# Look what I found at coop 2



## BootedBantam (Aug 31, 2012)

I was at my girlfriends house today and Bellina, the gold wyandotte, went missing. We looked everywhere. After a long search and talking to neighbors, I was in the backyard by myself kinda bummed she was missing. I heard a noise behind the shed, Bellina jumped out at me and just started to cackle long and hard. My girlfriend comes running out and we peeked behind the shed and there was her nest. Found 7 eggs. Largest one was 49 grams and smallest was 35 grams. We were jumping up and down all excited like two little kids on Easter. One of the eggs was still warm.


----------



## cogburn (Jul 16, 2012)

That's cool right there !


----------



## 7chicks (Jun 29, 2012)

What a tease Bellina!  Glad all is well.


----------



## Energyvet (Jul 25, 2012)

Okay then. Back in business.


----------



## tigereyesblue76 (Sep 19, 2012)

What a great ending.... My kids and I just love finding eggs around the garden...


----------



## oakwood (Aug 21, 2012)

Cheeky Bellina


----------



## BootedBantam (Aug 31, 2012)

Thanks everyone, it was a great feeling. I even busted her Dad outside talking to the chickens. Plan to eat them for breakfast with my daughter.


----------



## Italy-Dan (Oct 5, 2012)

Good luck for these eggs!


----------



## rob (Jun 20, 2012)

wow, well done.


----------



## cogburn (Jul 16, 2012)

That's a big omelette !!


----------



## BootedBantam (Aug 31, 2012)

The egg yolks were bright orange. I scrambled them and noticed they were very creamy, compared to the store bought eggs I by. My daughter thought I put cheese in them. We both enjoyed the eggs and looking forward to more!!


----------



## cogburn (Jul 16, 2012)

Yes mam.. With fresh eggs there's no comparison to store bought... taste texture health.. I haven't ate store bought eggs in many years.. Enjoy !!


----------



## BootedBantam (Aug 31, 2012)

I love it when you call me mam.......lol Bellina is laying in the shed now, since we took her eggs.


----------



## BootedBantam (Aug 31, 2012)

The silver wyandotte is laying now!! Her eggs are white.
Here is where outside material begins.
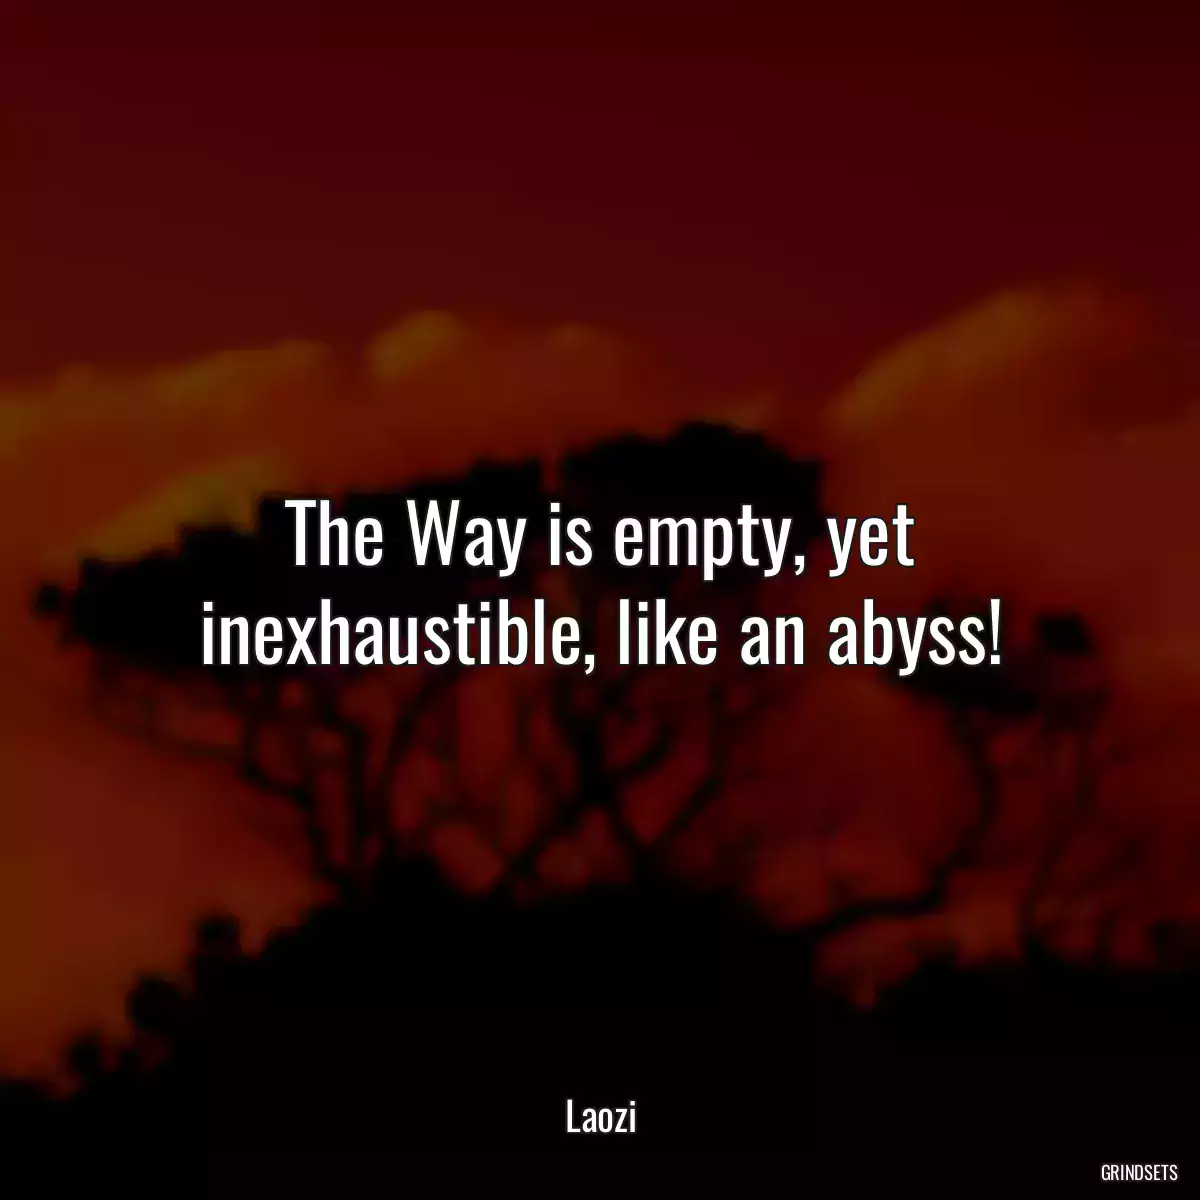 The Way is empty, yet inexhaustible, like an abyss!

Now, if only my bantams will lay for me....maybe spring?


----------



## cogburn (Jul 16, 2012)

Good Deal Lucille !!


----------



## livingmydream (Jul 2, 2012)

*Bellina*

Did she lay all 7 eggs??? Each of my chickens lay one egg per day! What a suprize for you!!


----------



## BootedBantam (Aug 31, 2012)

Yes, but she was laying them and we did not know until we found the nest. The best part is when our little girls come in after school with the eggs for the day. I have two coops set up, one at my house filled with Booted Bantams. Coop 2 is at my best friends house with a laying flock we are trying to start. Bellina is laying an egg a day.


----------



## Chickadee (Oct 15, 2012)

That's great! Something similar happened to us recently when we thought one of our EE's had stopped laying. Then she went missing one day. Finally I found her in a flower pot, along with four eggs!


----------



## BootedBantam (Aug 31, 2012)

The girls hanging out in the dirt on Thanksgiving. Also Bellina has slowed down in egg laying. Can't find Dorothy's (silver one) nest? I wonder if she is even laying??


----------



## BootedBantam (Aug 31, 2012)

more pics ..........


----------



## Bird_slave (Oct 26, 2012)

Naughty girl.


----------



## mellie (Sep 15, 2012)

I just found my barred rock hen's first nest... In my hay barn. I was so thrilled, I heard her way up high... Found her between bales of hay. I think it was a duck nest she found. Two eggs were blue tinted and bad. Two eggs were good, but instead of brown eggs, they were cream/white... Can that be? Can their eggs be wrong color for the breed? 

Any help appreciated!


----------



## BootedBantam (Aug 31, 2012)

Sweet, finding eggs is always fun.


----------



## Energyvet (Jul 25, 2012)

Happy Easter!


----------



## mellie (Sep 15, 2012)

mellie said:


> I just found my barred rock hen's first nest... In my hay barn. I was so thrilled, I heard her way up high... Found her between bales of hay. I think it was a duck nest she found. Two eggs were blue tinted and bad. Two eggs were good, but instead of brown eggs, they were cream/white... Can that be? Can their eggs be wrong color for the breed?
> 
> Any help appreciated!


Well, she has since started laying her eggs in the coop. Grateful for that... Climbing to the top of the hay barn isn't easy for an old lady. Lucy, my Norwegian Jearhorn? Has started laying creamy white eggs too... We just gotta talk Ethel into laying. She is the same age as Lucy, but she is an AMERICAUNA. OH, and Betty's eggs are brown... Those first two may have been duck eggs.


----------